Having a working draft of the human genome sequence is proving invaluable to mouse genetic and genomic studies, providing a useful stepping-stone towards the finished sequence of the mouse genome.

Opinion

All over the world, mouse geneticists have applauded the publication of the initial analysis of the human genome sequence(s) [1,2]. Why?

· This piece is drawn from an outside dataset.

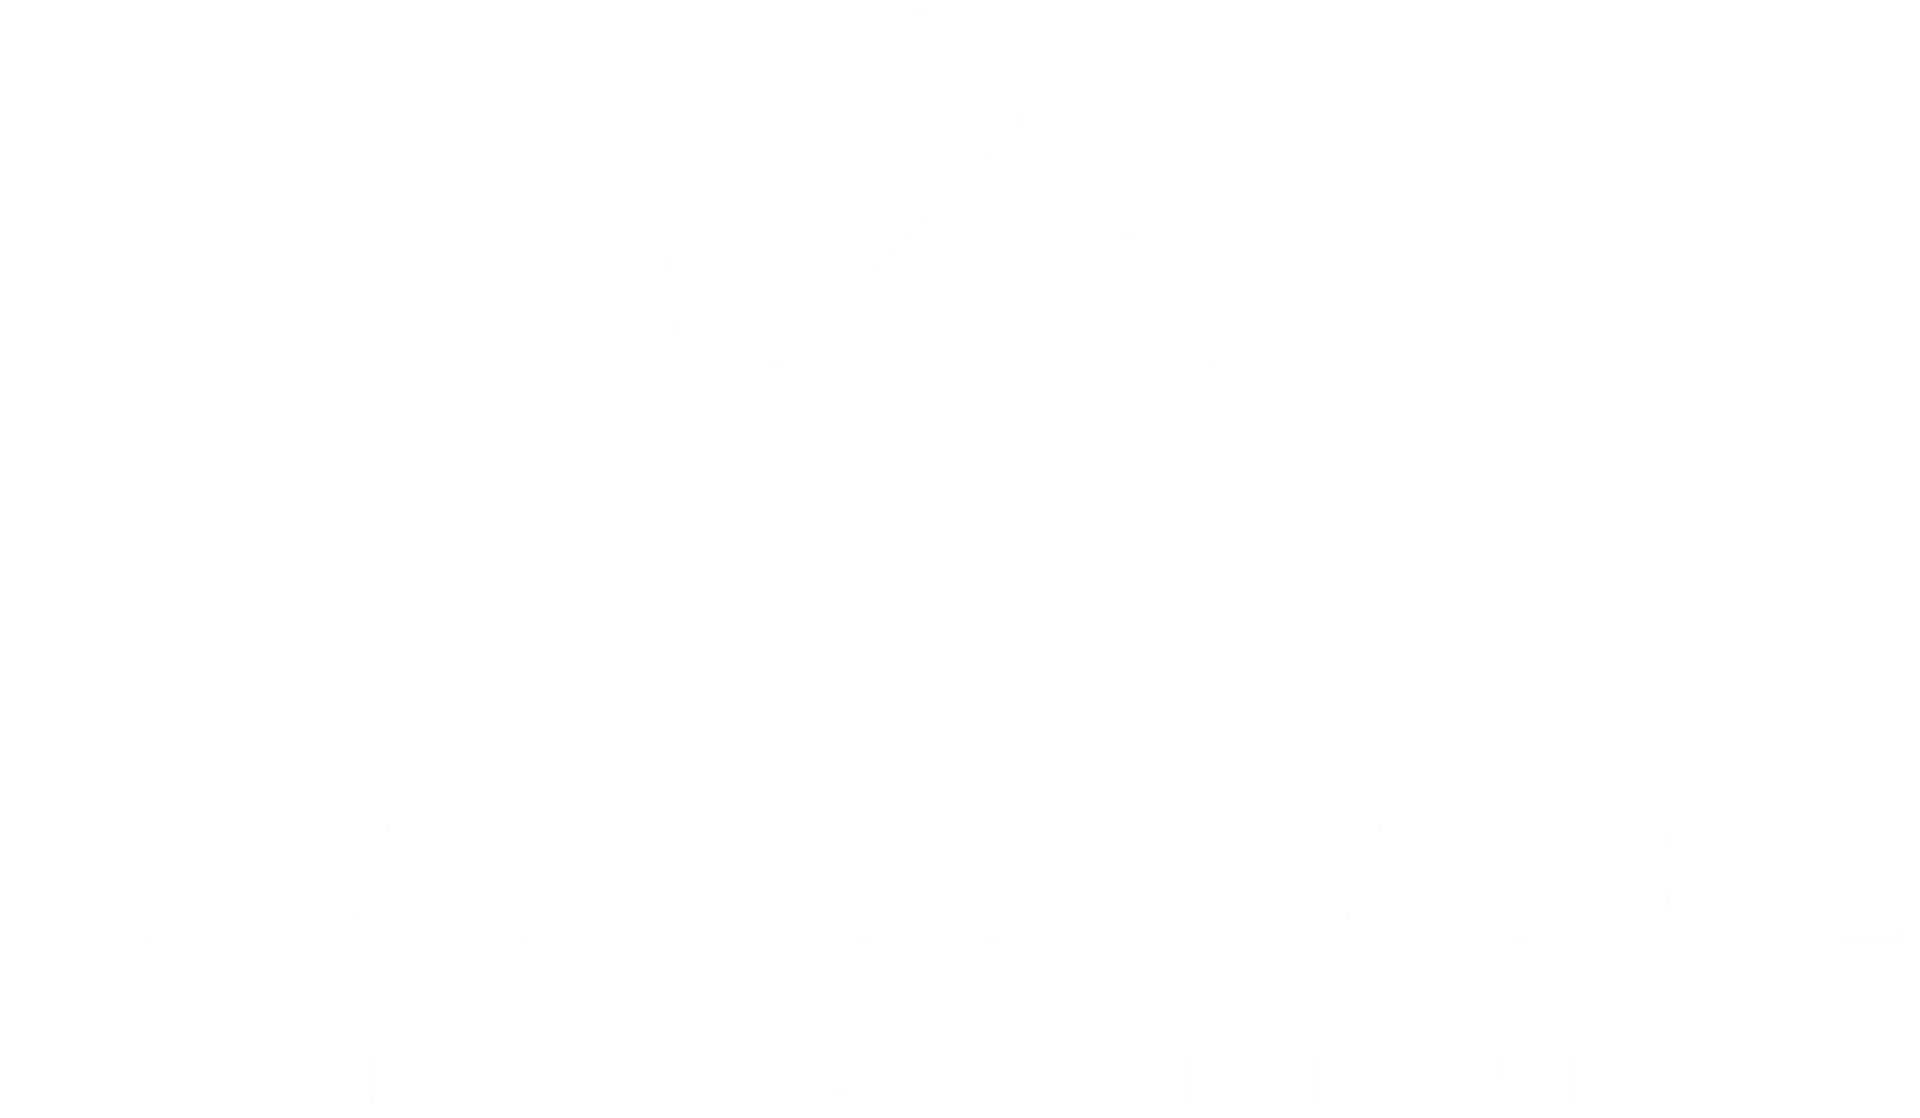 Vila na Praia Foz Luxury Apartments

One simplistic answer is that mouse and human are two flavors of mammal, and a genome sequence for one is a surrogate for the other. So perhaps the pertinent question then becomes: how can mouse geneticists make use of the human sequence? In this article, we briefly describe some ways in which the human working draft sequence can be used as a tool in mouse genomics, not only for assembling the mouse genome but also for identifying conserved sequence elements and providing new insights into genome evolution.

Before the genome

Even before the inception of 'The Human Genome Project', mouse and human genetics already formed a two-way street. An early example of this was the observation that inherited traits exhibiting sex-linkage in humans were also sex-linked in mice - for example, hypophosphatemia [3]. As genetic maps improved in both species, it became clear that there were blocks of conserved synteny, along chromosomes (synteny literally means 'on the same thread') [4]. Indeed, with the development of dense, genome-wide maps, it has become possible confidently to infer the location of a mouse homolog of a human gene, on the basis of the location of the genes that flank it in the human genome, and vice versa (Figure 1) [5,6].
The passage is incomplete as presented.